Bacalhau: 365 maneiras de aditivá-lo


Os portugueses têm capitulado em várias frentes de guerra. Foram espezinhados pelo galope incessante do desemprego, abalroados pela avalancha inexorável do défice e trespassados pela lança infindável da austeridade. No entanto, nada os preparou para a humilhação que se avizinha: a derrota na contenda do bacalhau frente à Dinamarca, Islândia e Noruega.

Na verdade, contra a vontade de Portugal, o triunvirato nórdico está perto de ver aprovada a introdução de aditivos alimentares na secagem do bacalhau por parte da União Europeia. Para ser mais específico, os pomos da discórdia são os polifosfatos E-450, E-451 e E-452, os quais podem adulterar o sabor do fiel amigo. Portanto, depois da gasolina, o símbolo maior da cozinha portuguesa corre o risco de ser igualmente aditivado. Face a este cenário, não me admira que, em breve, as peixarias comecem a comercializar Bacalhau GForce. Ao contrário do bacalhau tradicional, aquele deverá aumentar a performance do estômago no processo digestivo, optimizar os movimentos peristálticos do intestino delgado e reduzir a concentração de notas nas carteiras dos consumidores. Mais tarde, poderá mesmo surgir o cartão de pontos Bacalhau Frota, através do qual será possível amealhar descontos nas secções de frutas e legumes de qualquer praça do país.

Com a iminente adulteração do sabor do bacalhau, as pessoas questionam-se, apreensivas, sobre o que virá a seguir. Será que vão aparecer sardinhas embebidas em polissorbatos E-432 e E-433 ou alheiras de ésteres E-472a e E-472b? Por este caminho, os restaurantes terão de substituir os menus por catálogos de aditivos alimentares e distribuir à entrada máscaras de protecção química. Antevejo mesmo uma profunda alteração nos diálogos entre clientes e empregados de mesa:

- Boa tarde.
- Boa tarde. Quais os aditivos alimentares do dia?
- Ora hoje temos Carragenina E-407 estufada acompanhada com batatinhas de Alginato de Potássio E-402. Temos ainda Conchonilha E-120 no forno com arroz de Licopeno E-160d.
- Pode ser a Carragenina E-407, mas bem passada se faz favor, porque a última que comi deixou-me com manchas verdes na pele.
- Sim senhor. Para beber recomendo-lhe o vinho da casa.
- Vinho da casa?
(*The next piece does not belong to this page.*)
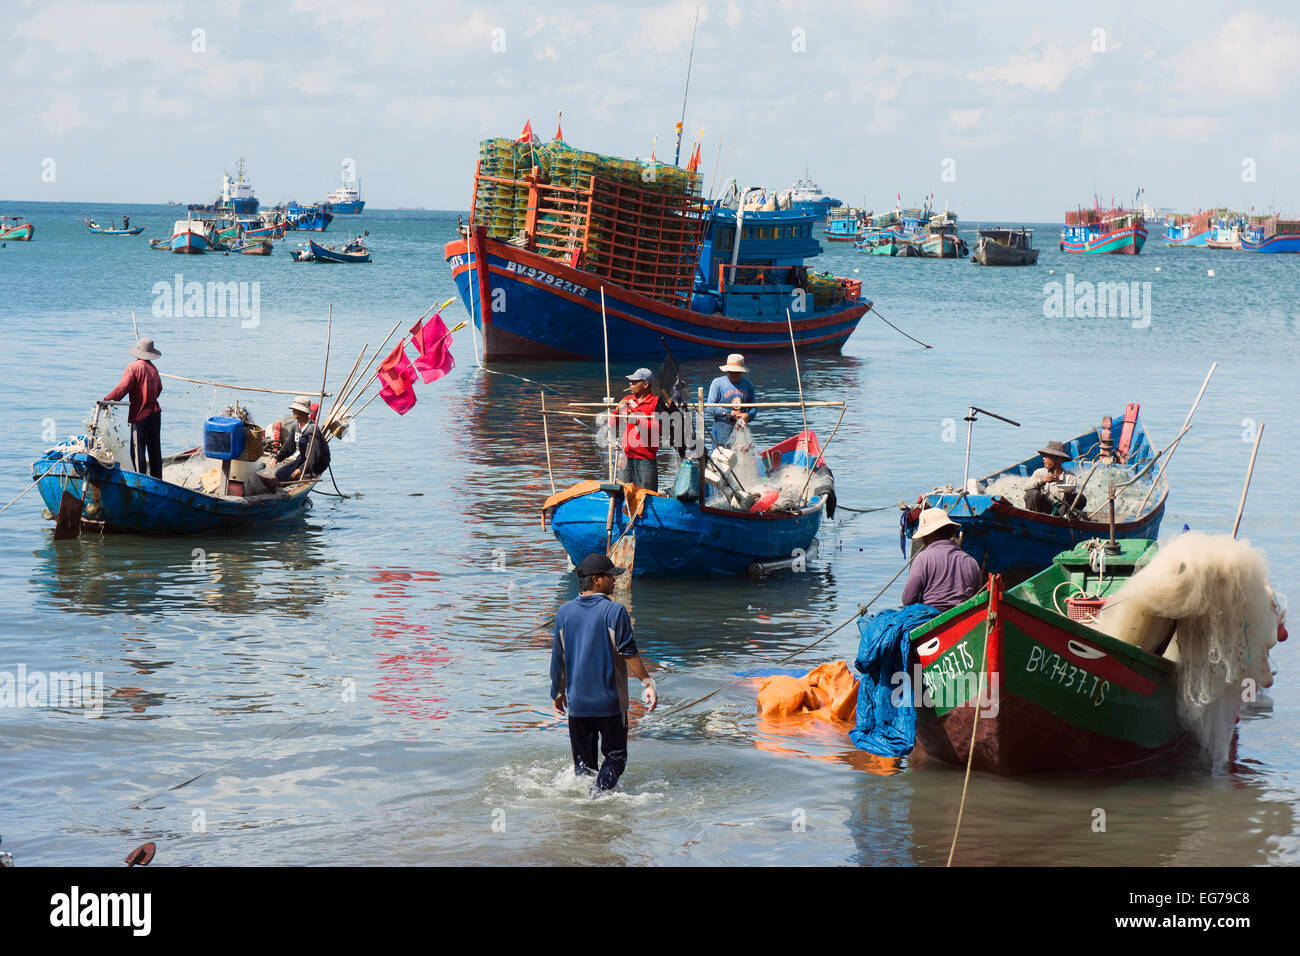 Vietnam, Vung Tau, fishermen sorting nets in harbor Stock Photo

É feito com que aditivos?
- Bem, este vinho é feito de maneira rústica. É composto sobretudo por sumo de uva fermentado.
- Sumo de uva? Vai-me dizer que o vinho da casa é feito com um produto natural sem conservantes, corantes, antioxidantes ou edulcorantes? Desculpe, mas eu não almoço nesta estrebaria! Onde é que isto já se viu? Vou já telefonar ao Laboratório Nacional de Química para fazer de imediato uma vistoria a este restaurante.

Claro que nem tudo é mau. Talvez agora os portugueses deixem de incluir o bacalhau nas suas refeições. O que é uma decisão inteligente, diga-se. Não só por causa dos polifosfatos, mas também porque se trata de um peixe que vive acima das possibilidades da maioria das pessoas. Na verdade, só a propensão para o esbanjamento pode explicar o facto de terem como baluarte gastronómico um animal que vive a milhares de quilómetros de distância. Trata-se de um luxo inaceitável nos tempos actuais, um resquício dos tempos dourados em que viviam com desafogo e olhavam o futuro com confiança. Refiro-me, como é evidente, ao período compreendido entre 1114 e 1126.

O mais sensato será transformar a tainha na principal referência da gastronomia nacional. Além de barata, está mais de acordo com o dia-a-dia dos portugueses: consegue viver em ambientes pouco salubres e aproveita todos os restos para não passar fome. Em nada tem a ver com a opulência do bacalhau, alimentado a arenque nas sumptuosas águas do Atlântico Norte. Sirva-se, portanto, tainha à Zé do Pipo de agora em diante.